The distinctive design of “The People Called Methodists,” it was once widely agreed, was “to reform the nation and to spread Scriptural holiness over these lands.” Here is a task that demands the best and the most of us all, for it means a truly renewed kind of evangelism, truly renewed conceptions of Christian growth and maturation, renewed commitments to Christian social action, or “social holiness” as Wesley called it. It means preaching and suffering and living and caring, and turning the upside-down world right side up again.

This task of spreading “Scriptural holiness” remains our task, to be helped or hindered by General Conferences and by our boards and agencies but not preempted by any of them. The United Methodist Church exists to manifest the power of the Spirit – not the other way around.

This wonderful old church [Lovely Lane] in which we are worshipping today, with its lilting name and all its indelible memories, is “The Mother Church” of American Methodism. Our presence here is a token of our appreciation of a wondrously rich heritage, and yet also a sign of our commitments to a new future in which our hungers and hopes for yet another Great Awakening may find at least the beginnings of their satisfactions.

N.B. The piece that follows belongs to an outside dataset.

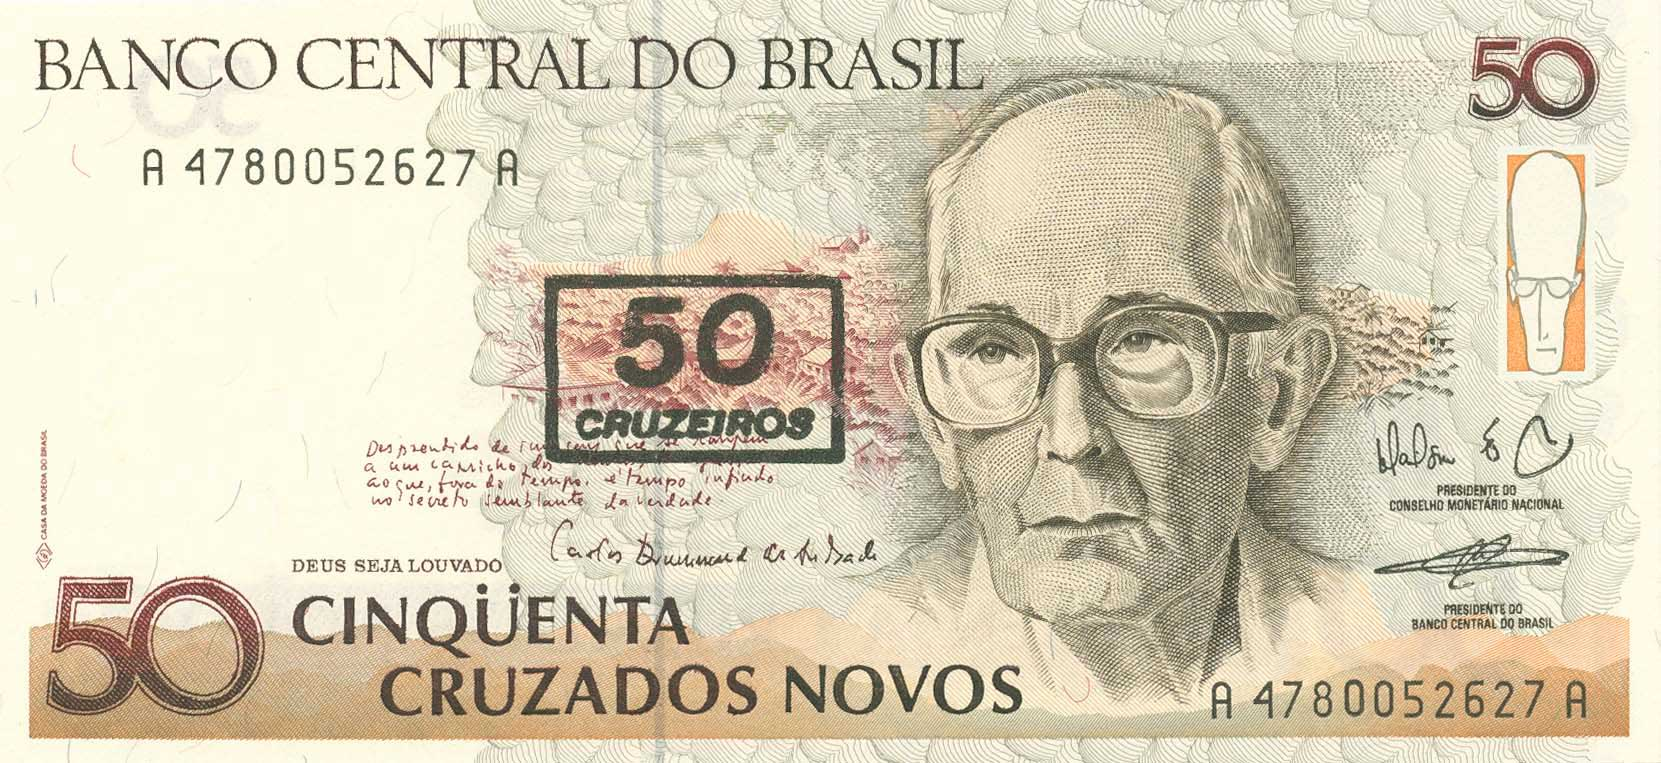 BRA-0223-a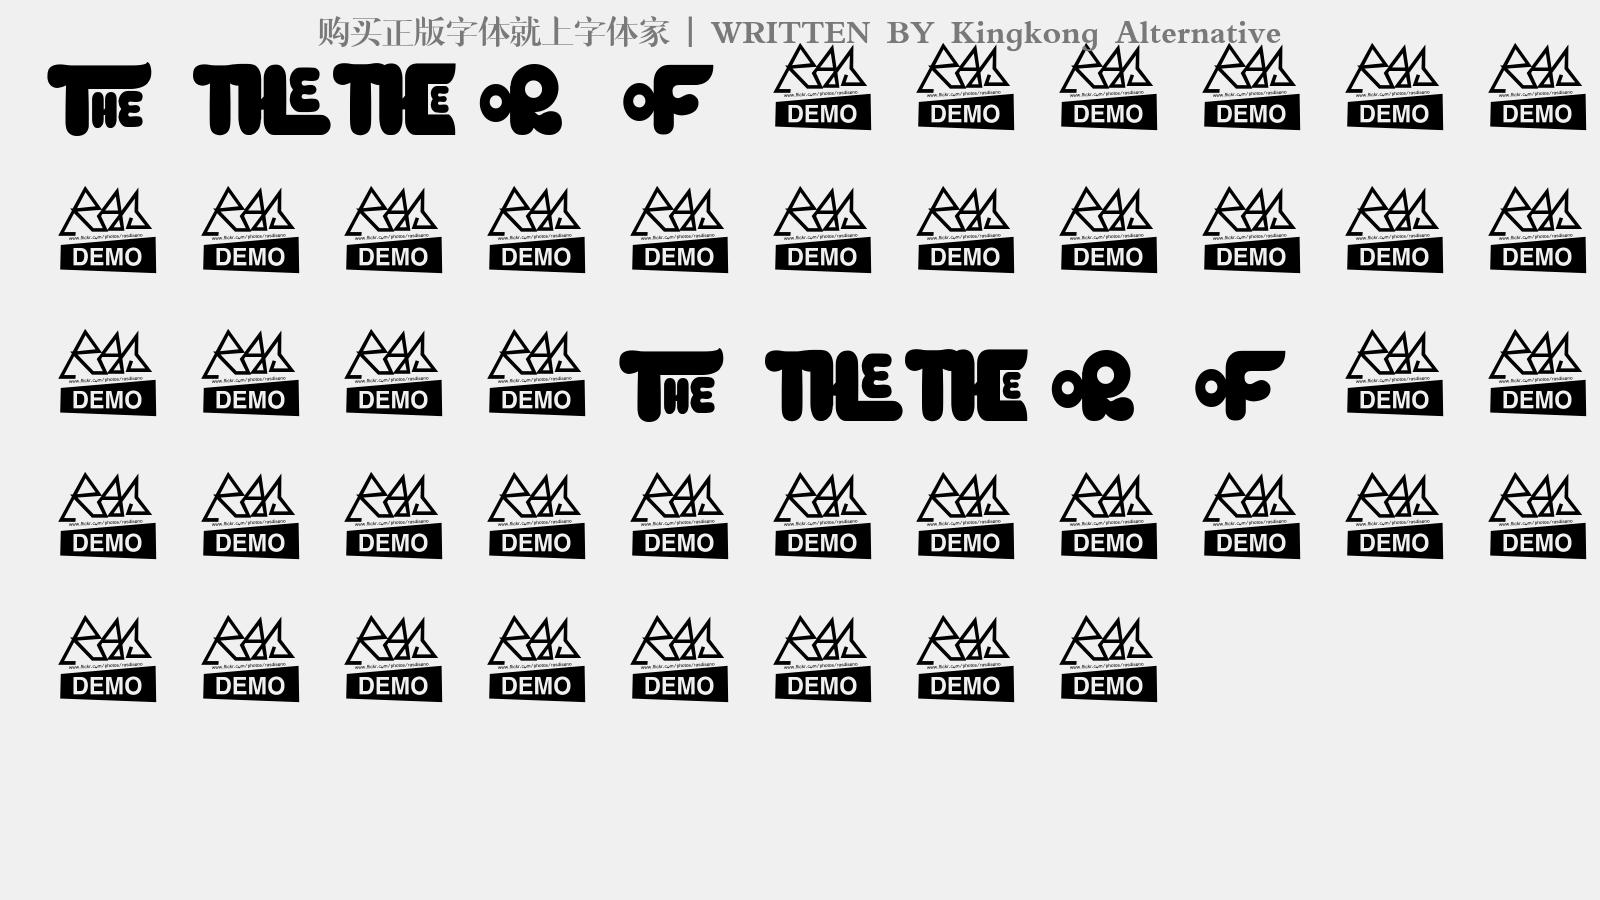 Kingkong Alternative - 大寫字母/小寫字母/數字

The men who came to Baltimore 200 years ago were empowered to witness. So may we still be. They were evangelists. So should we be. They had a vision of a New Zion in the wilderness. Our vision must be of Zion in a new wilderness – of humanity in its current dire disorder. From Baltimore their witness to the Gospel spread to the uttermost parts of the earth, and that now has brought us back to Baltimore once again for a new beginning. But all truly new beginnings are spiritual. They come from inspirited churches, enlivened and enlivening. It is not for us to know or try to control the final ends of the history. We are commissioned to help shape them. The end of it all is the Father’s business.

It is enough for us, says our text, to open our hearts and minds to the inspiration of the Holy Spirit that we may be empowered to give word and life and winsomeness to the true Gospel of Christ, to our nearest neighbors and out to the uttermost human frontier. So may it be here in these next few days and in the years that stretch out beyond. So may it be with all the people called Methodists everywhere in all the world. So may it be with God’s people in every place and every future – secure, as we all may be, in the unfailing providence of God. Amen.